Cross Listed as ENGL129
From Langston Hughes to contemporary poets such as Amiri Baraka and Angela Jackson, African American poets have been preoccupied with the relations of poetry to other traditions. Vernacular speech, English poetry, jazz and other musical forms, folk humor and African mythology have all been seen as essential sources for black poetry.
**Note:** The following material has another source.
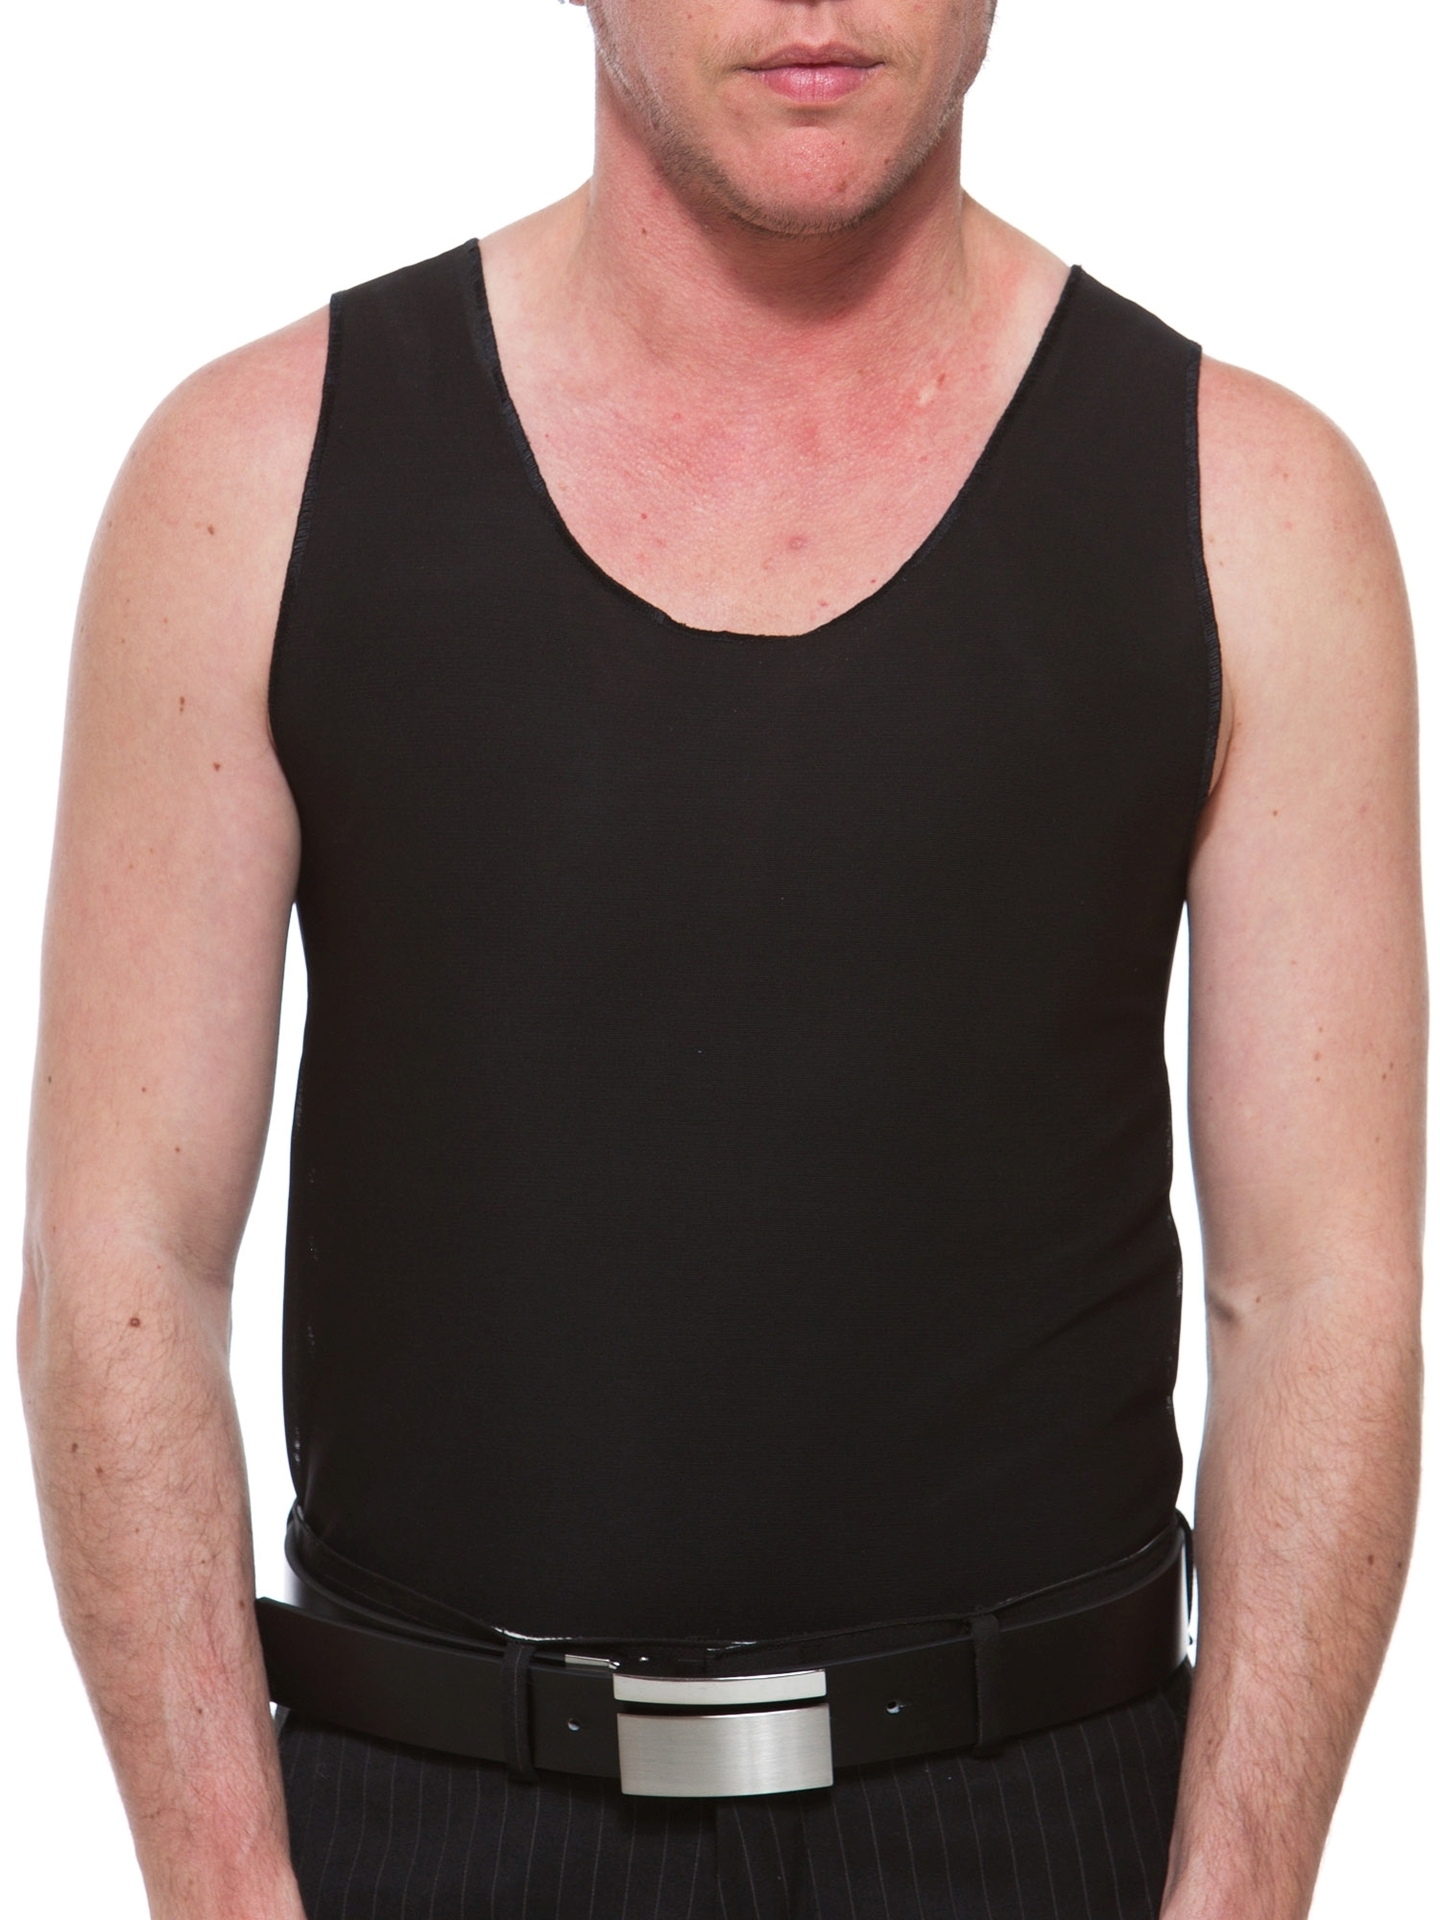 Ultimate Chest Binder Tank. FTM Chest Binders for Trans Men by
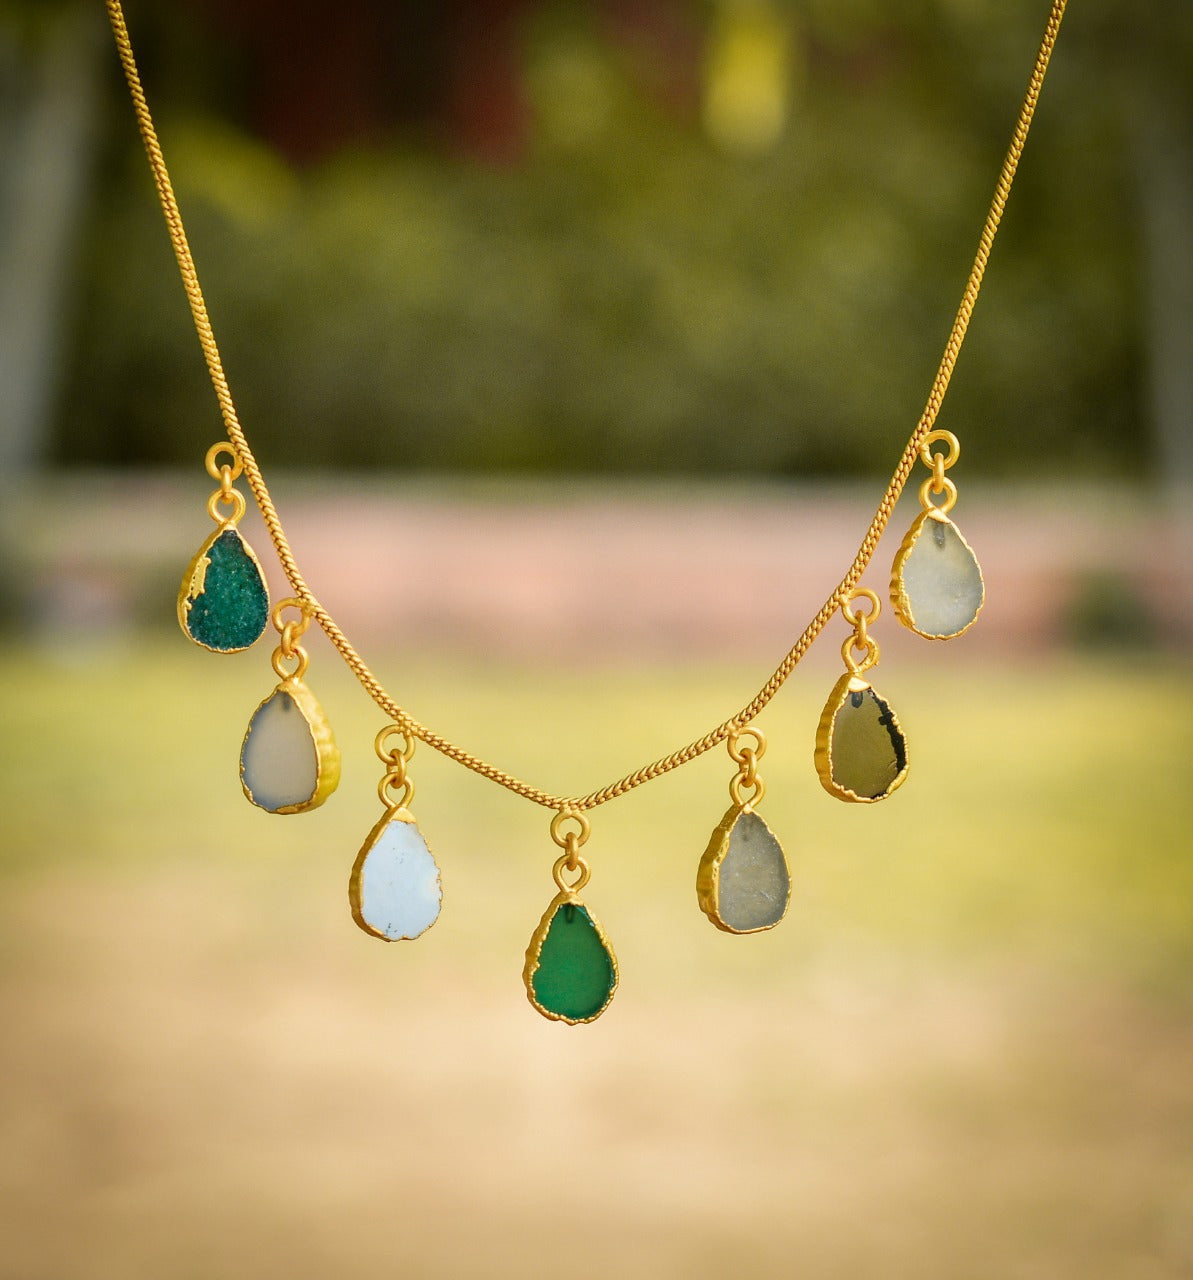 Druzy Drops Gold Filled Chain Necklace

This course will survey major poets such as Hughes, James Weldon Johnson, Countee Cullen, Robert Hayden, Gwendolyn Brooks, Baraka, Jackson, and Yusef Komunyakaa, reading their poems and their essays and interviews about poetic craft. We will ask how black poetry has been defined and whether there is a single black poetic tradition or several.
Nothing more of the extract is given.